Task brief — Produce a word-for-word copy of the line that contains "Ressources histoire exposition" and each line after it through the end of the material, omitting pictures and all other lines.

Input data —
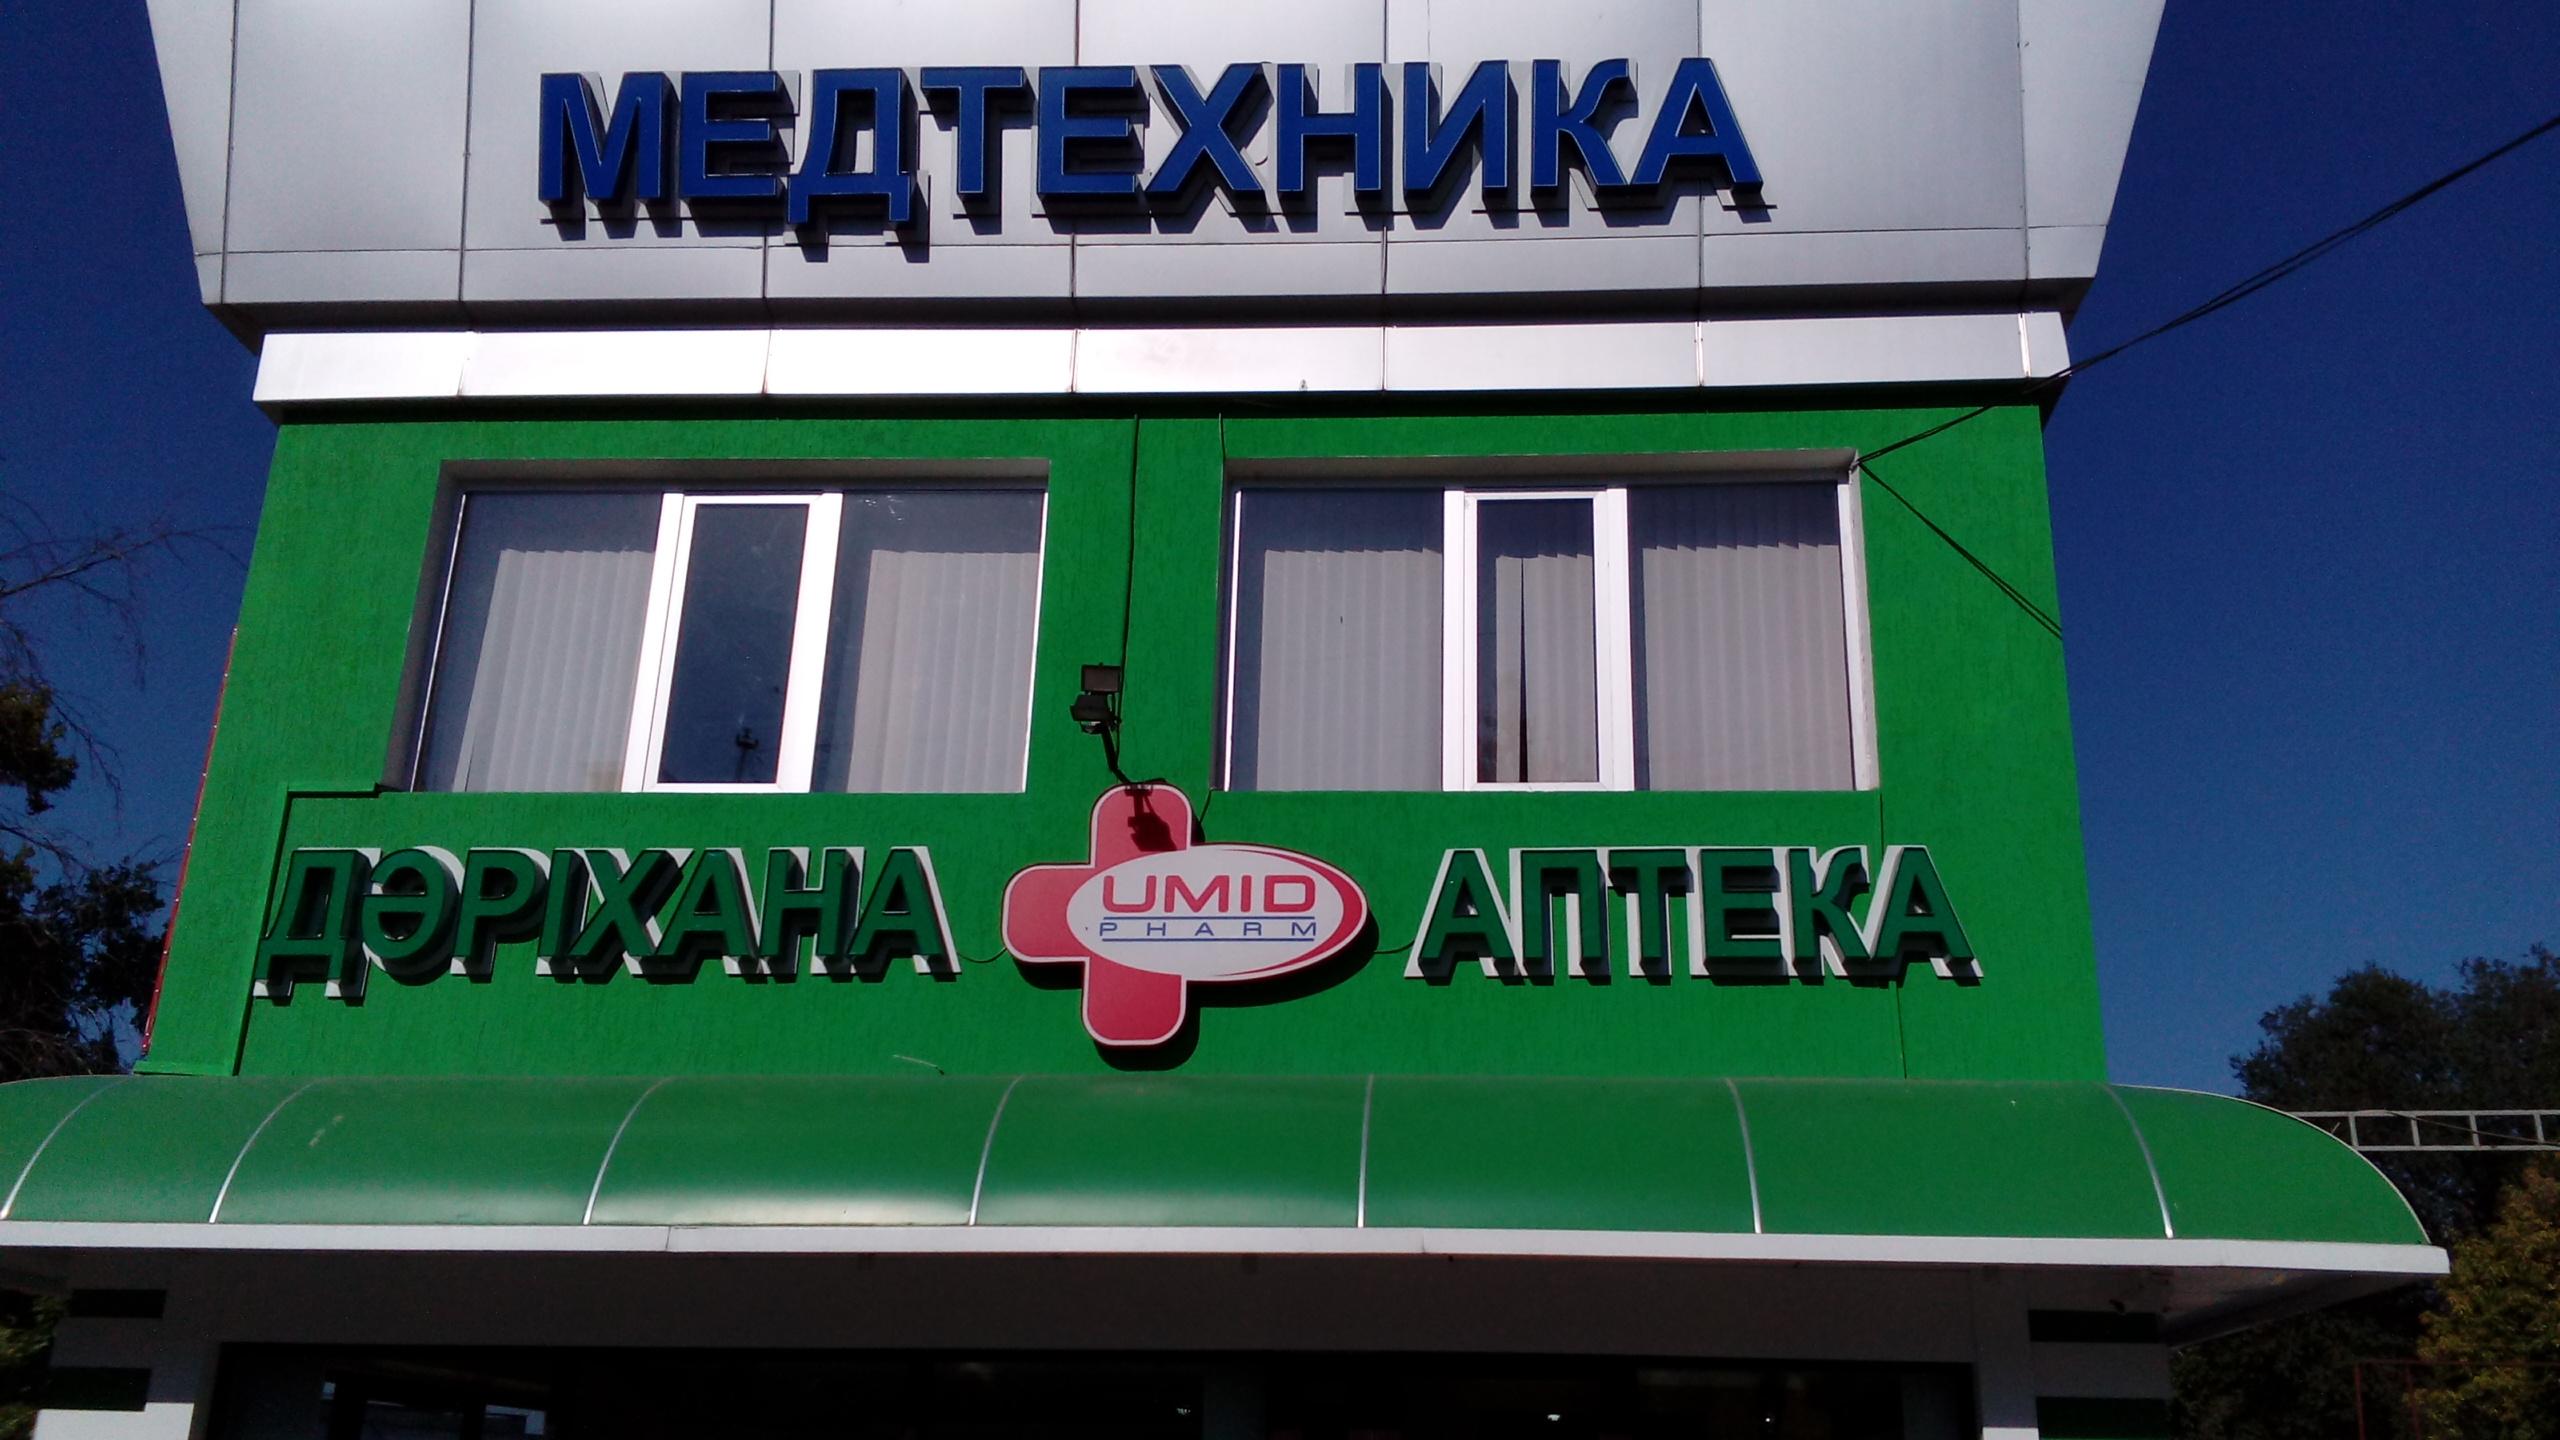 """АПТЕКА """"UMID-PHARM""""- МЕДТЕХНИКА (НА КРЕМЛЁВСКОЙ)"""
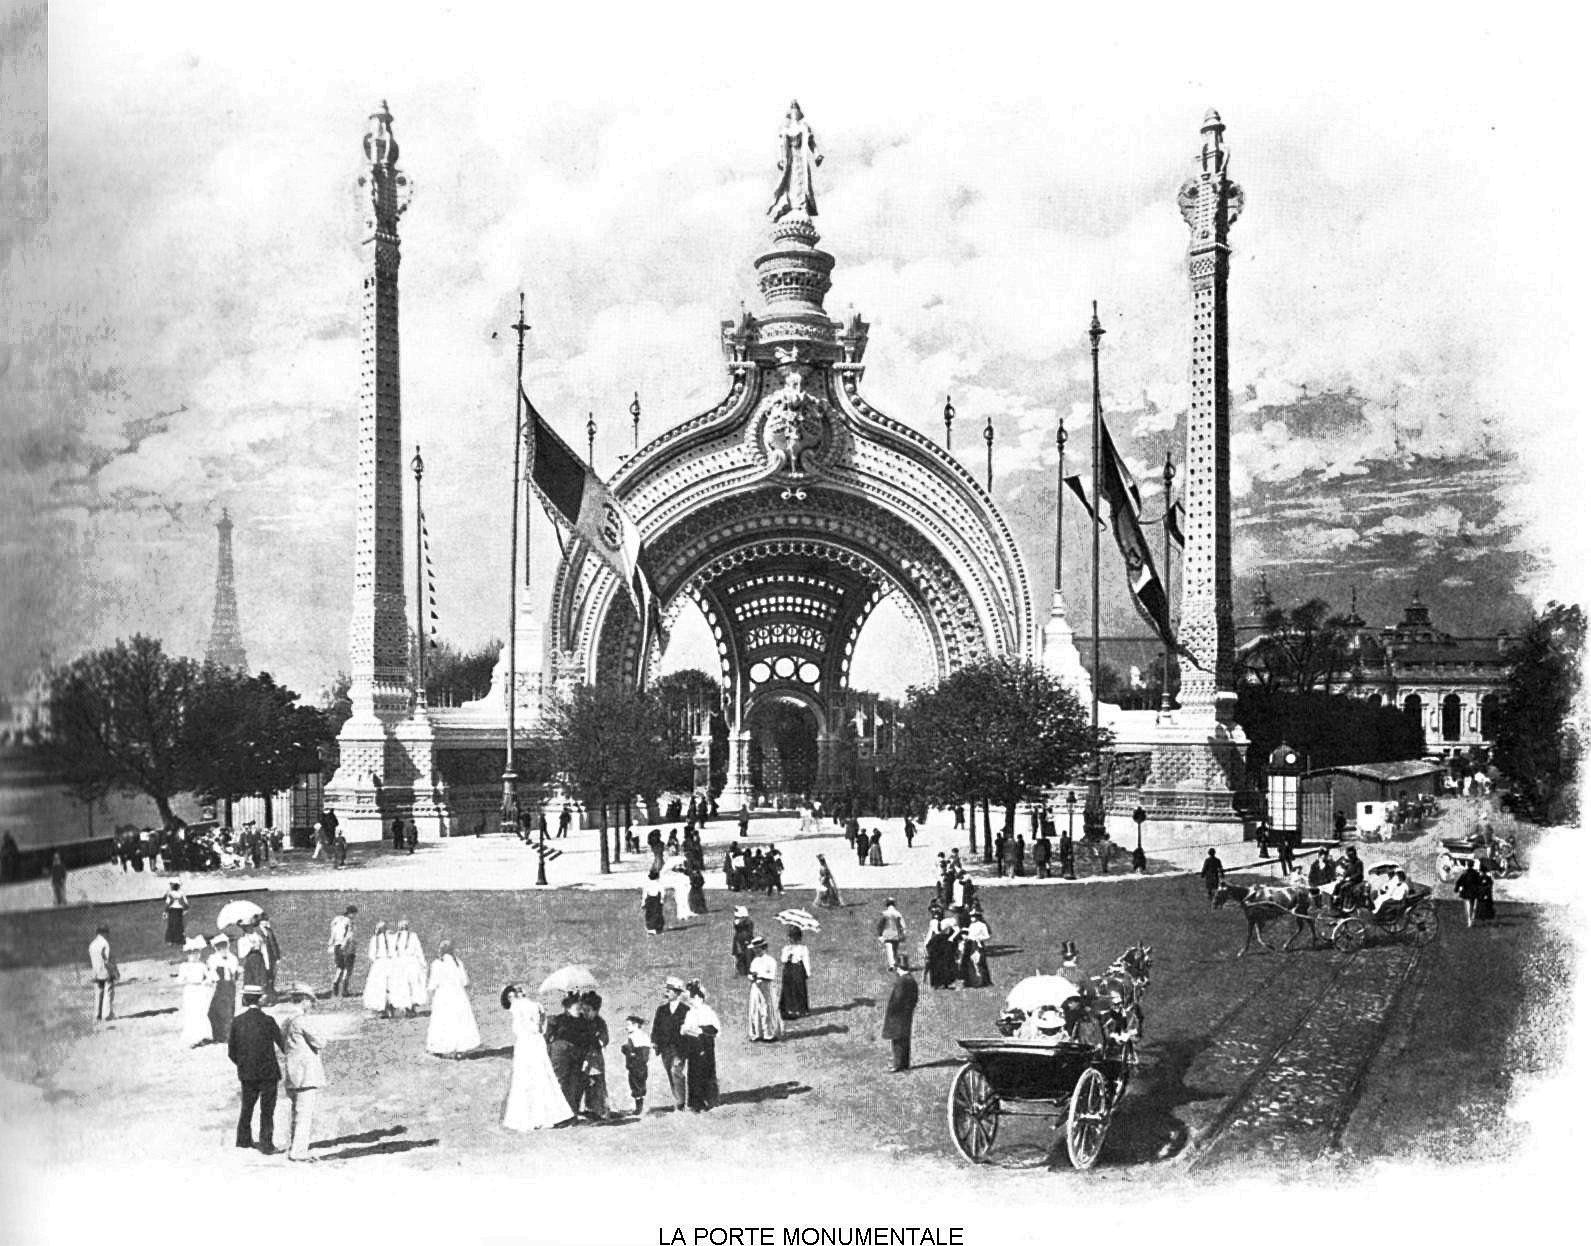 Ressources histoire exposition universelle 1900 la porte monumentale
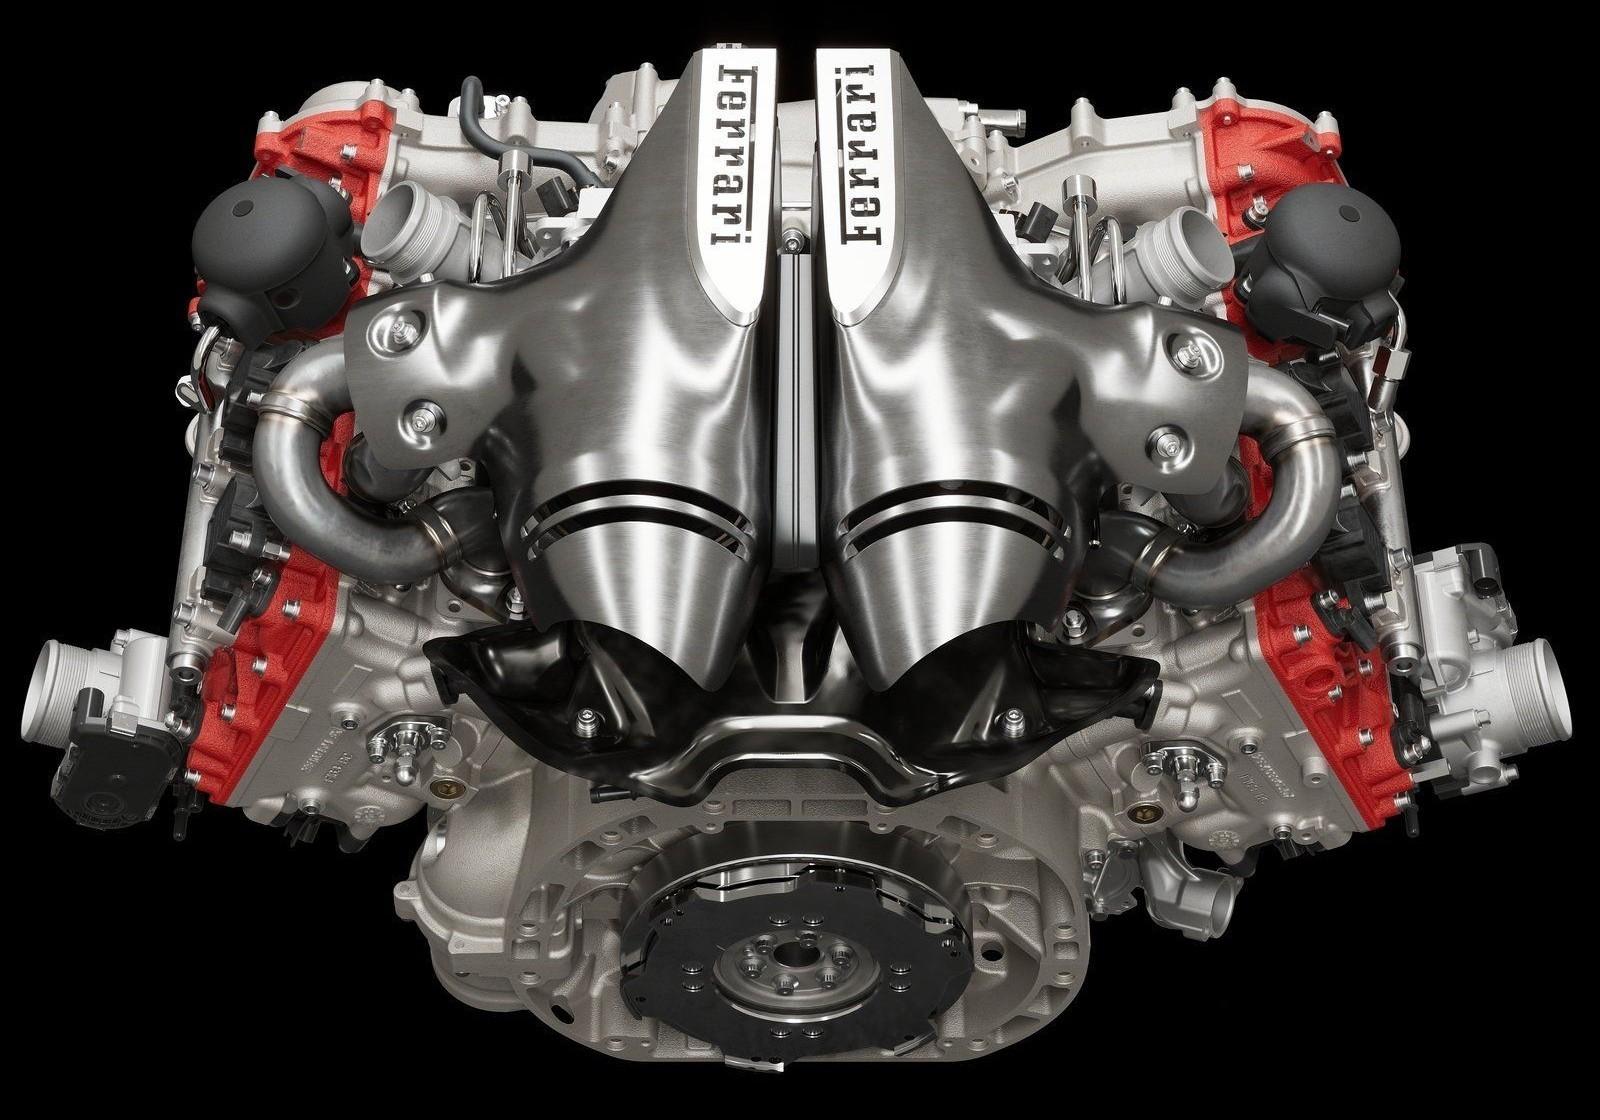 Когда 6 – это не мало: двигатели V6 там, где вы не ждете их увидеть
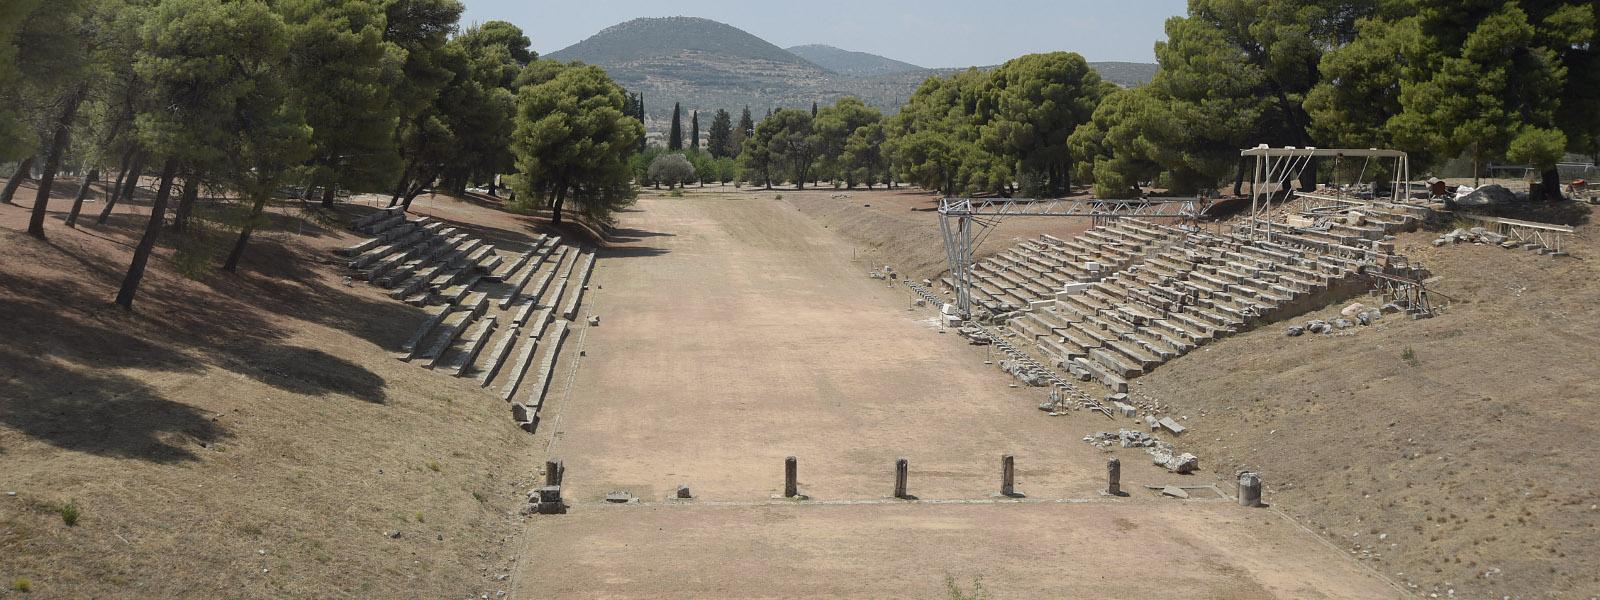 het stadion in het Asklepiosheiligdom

Answer —
 Ressources histoire exposition universelle 1900 la porte monumentale
 Когда 6 – это не мало: двигатели V6 там, где вы не ждете их увидеть
 het stadion in het Asklepiosheiligdom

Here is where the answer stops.